The control parameters of the mathematical model were then identified. To do so, we performed a computer simulation of the model and searched for control parameters that fit the behavior of the simulation to that of the experiment. The time series of the elevation angle of the COM θ was obtained by the simulation and converted to the position of the COM using the trigonometric function h sinθ. Then, the PDF and PSD of the simulation were calculated from the obtained COM motion, using the same method as in the rat experiments. The control gains kP0, kP2, kD, and kI and noise σ of the simulated model were taken as unknown parameters, and the simulation was repeatedly performed while these values were changed. Here, the delay time Δ was set at 0.04 s based on previous research25. The values of the unknown parameters were determined to minimize the difference between the PSD and PDF of the simulation and experiment. The Generic Algorithm was used for the parameter search.

Ethical considerations

This study was approved by the Ethics Committee for Animal Experiments at the University of Tokyo and conducted in compliance with the Guidelines for Research with Experimental Animals of the University of Tokyo and the ARRIVE guidelines.

Statistical analysis

To use rats as a unit and to avoid the multiple comparisons problem, we selected the data of one trial for each rat and used these values for the statistical analysis. The data selected for each rat were the most typical results of the intact/IO rats. To identify this “typical” trial, we calculated the PSD of all of the trials and the peak frequencies of the PSD. Then, we compared the peak frequencies for each trial with the average peak frequencies for intact/IO rats. We selected the trials with the closest peak frequencies to the average as the typical trial for intact/IO rats.

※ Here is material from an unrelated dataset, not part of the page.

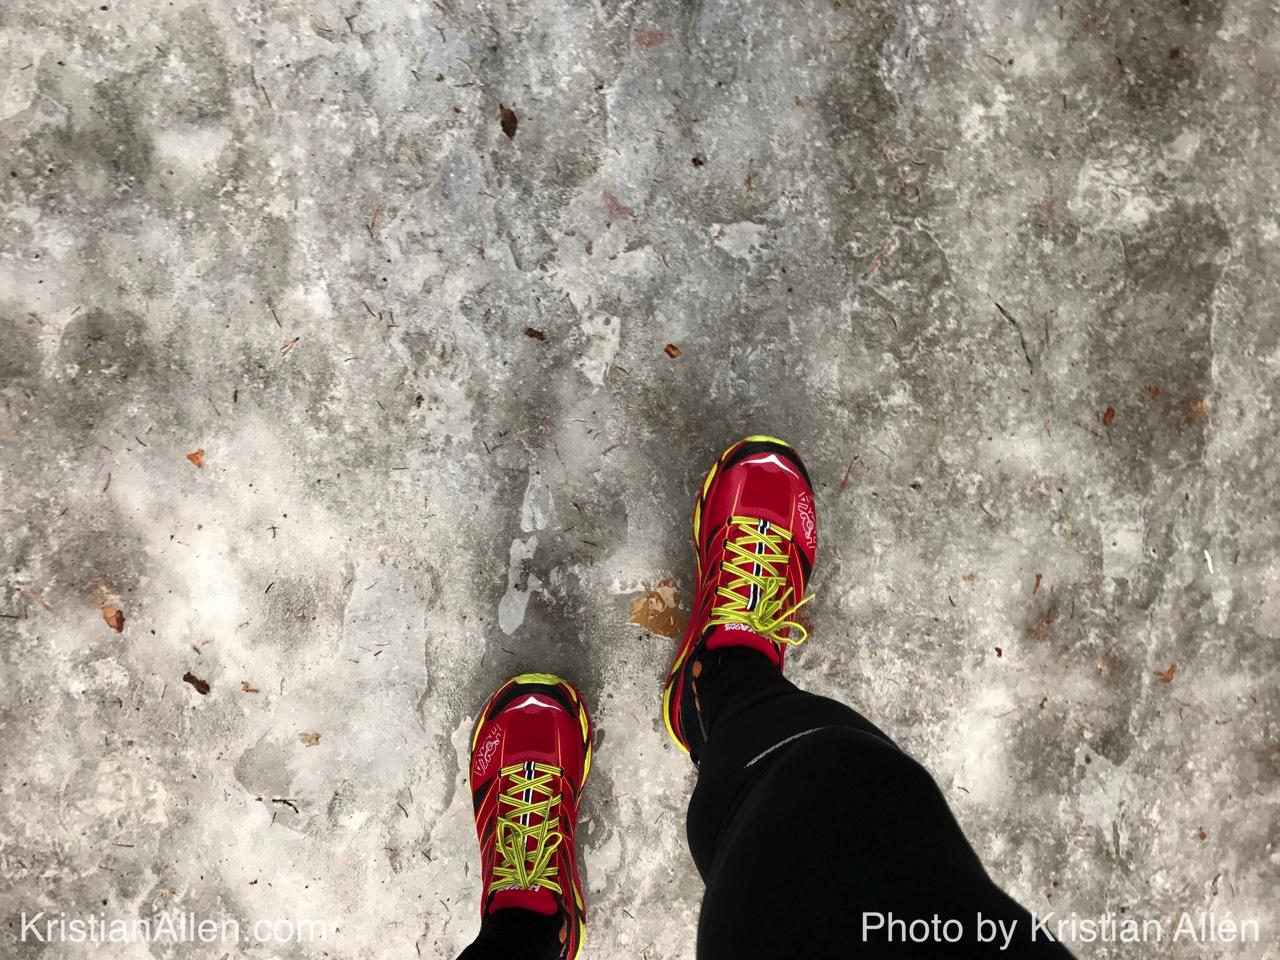 15.3.2017 15.14 km Run
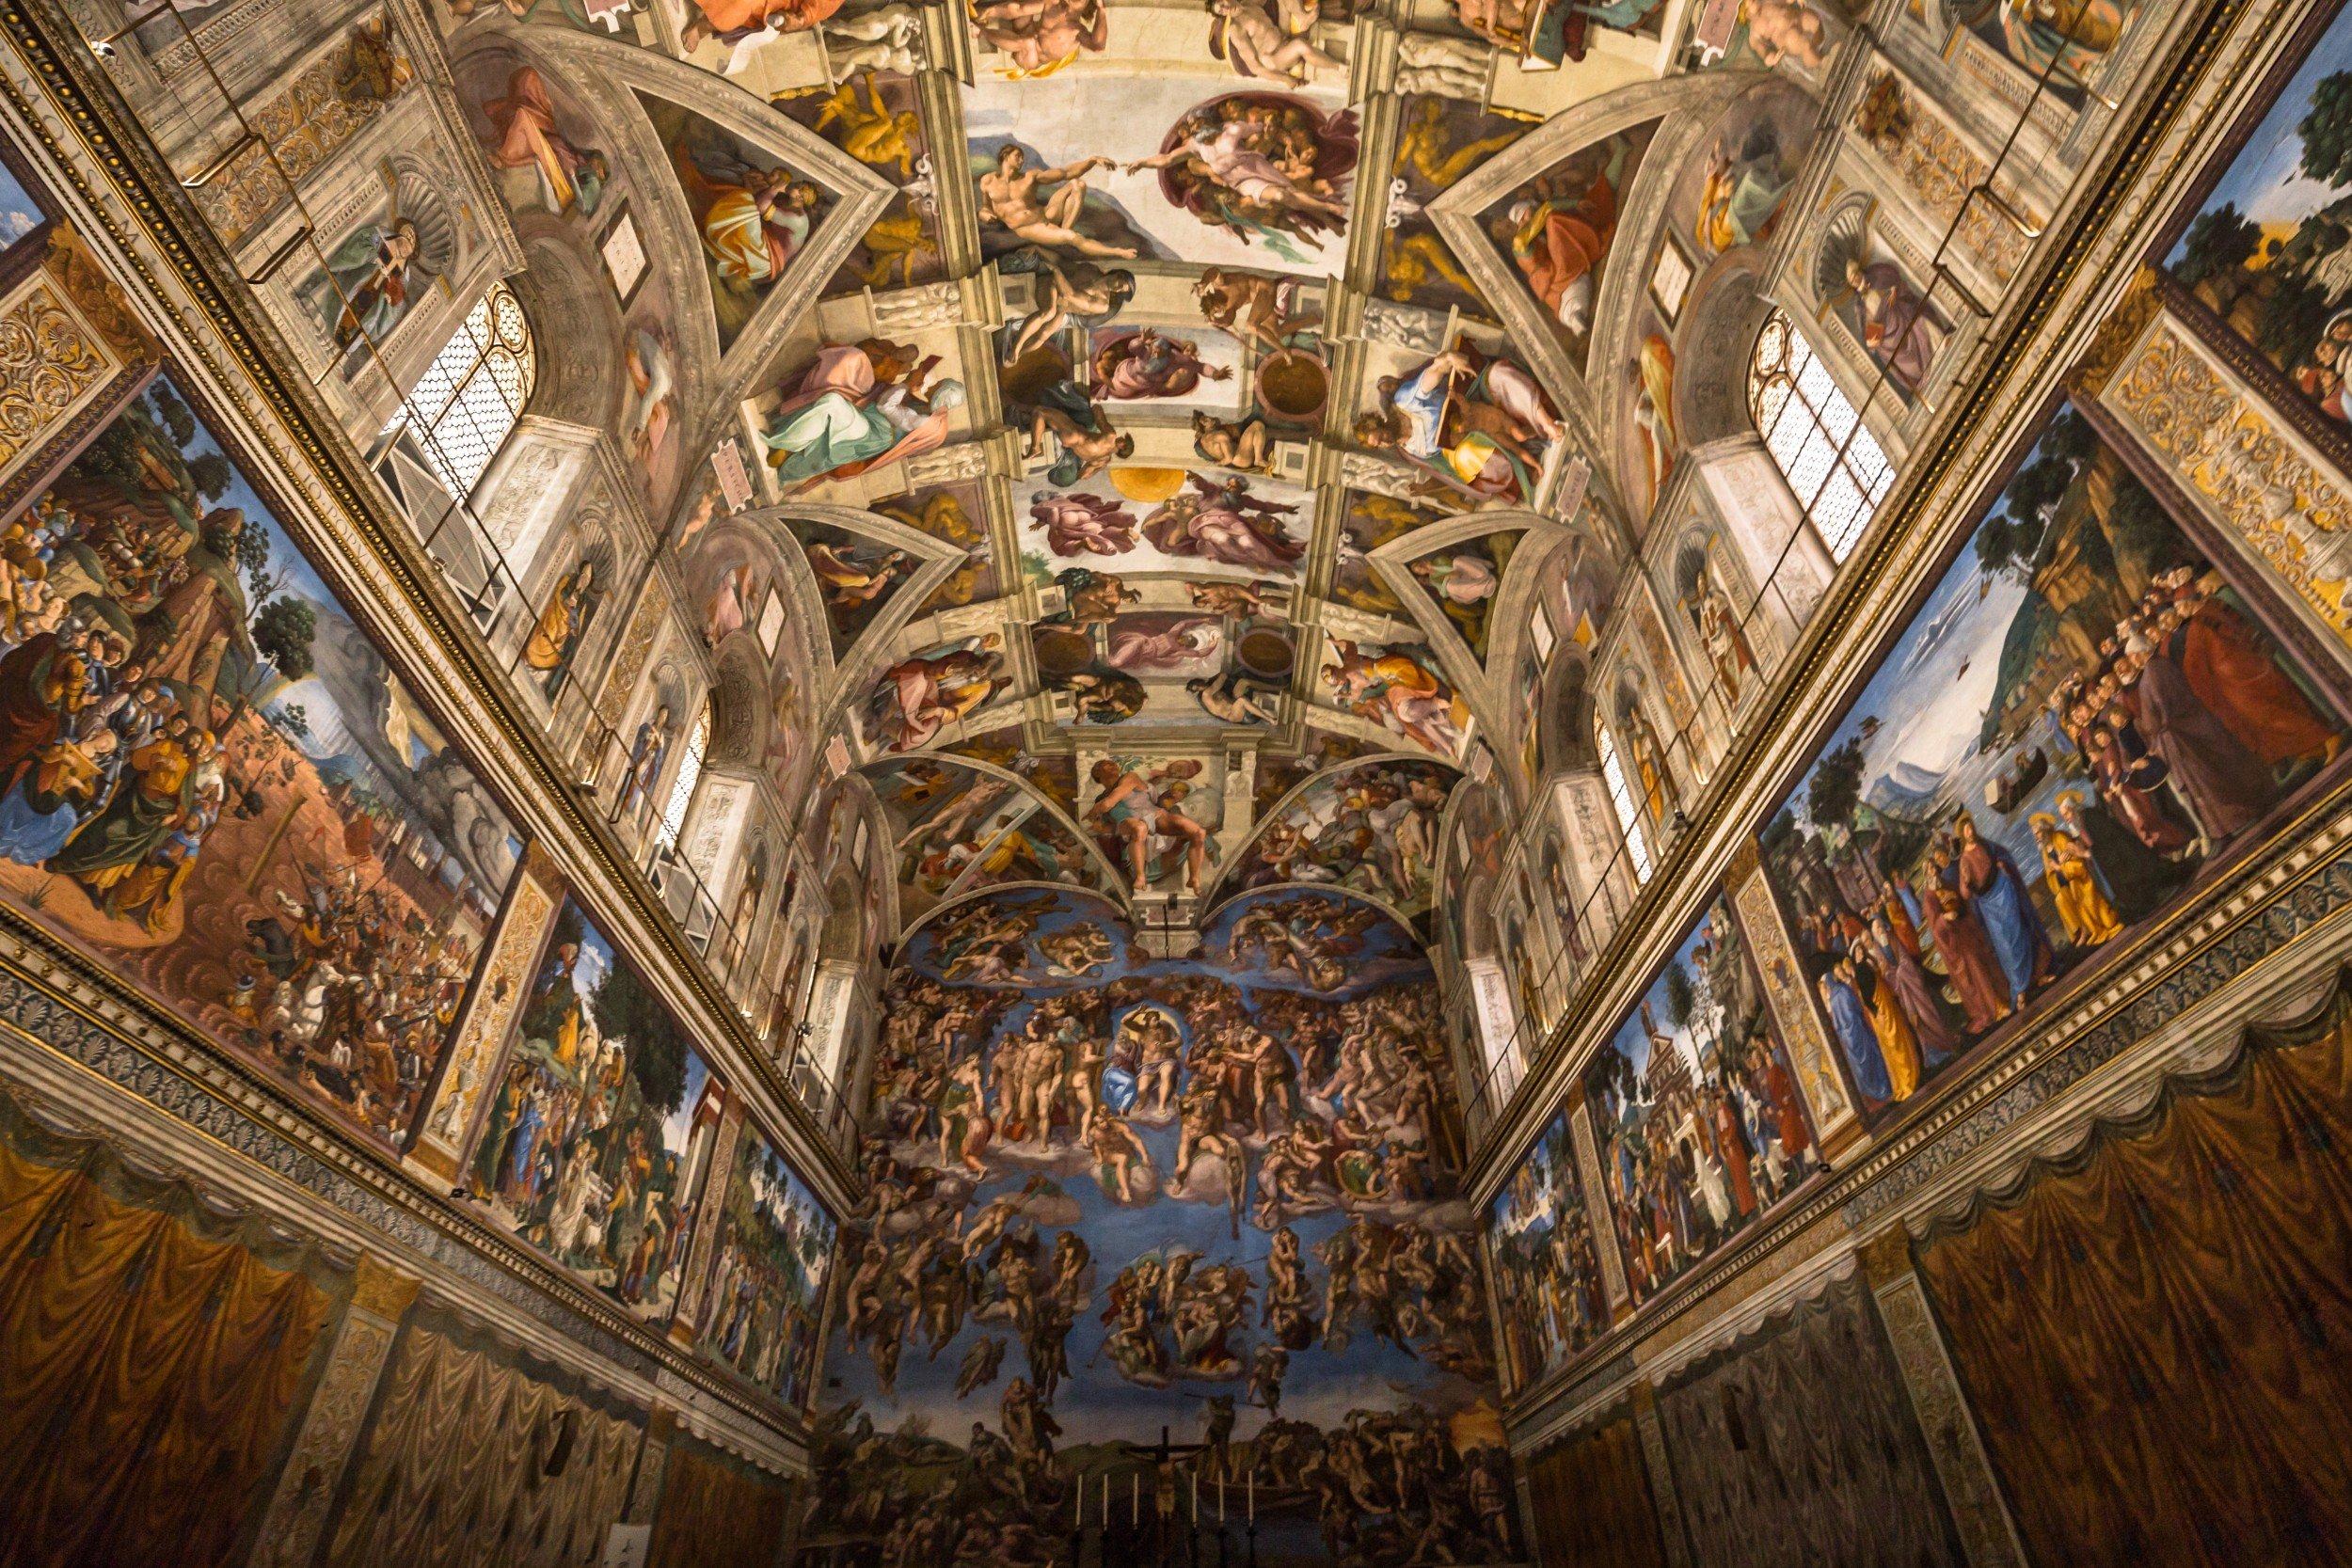 Teto Capela Sistina do Vaticano

We evaluated statistical significance with a two-tailed test. The effects of 3-AP on the numbers of surviving neurons were tested using a two-way ANOVA of rat type (Intact/IOtest) and IO subdivision. The significances were also tested for each IO subdivision using a t-test between intact and IOtest rats. Coordination of body segments was calculated using the SVD, and differences in intersegmental coordination were assessed with two-way ANOVA of segment and rat type. The PDF of the COM was evaluated from its SD and kurtosis. The SD and kurtosis of intact and IO rats were compared using a t-test and Wilcoxon rank-sum test. The peak properties of the PSD of intact and IO rats were compared by testing the peak frequencies and amplitude in the peak frequencies using a t-test.

The identification of the control parameters of the model was repeated ten times and ten parameter sets were obtained for each rat. The convergence of identification was tested by comparing the variation in the ten parameter sets of the identification trials with the variation among different rats. Here, two-way ANOVA was applied to the identification trials and rats. After selection of the optimal parameter set from the ten parameter sets, two-way ANOVA with rat type and rats was used to test the significance of the difference between the parameters of the intact rats and those of the IO rats. Individual parameters were also compared between intact and IO rats using a t-test.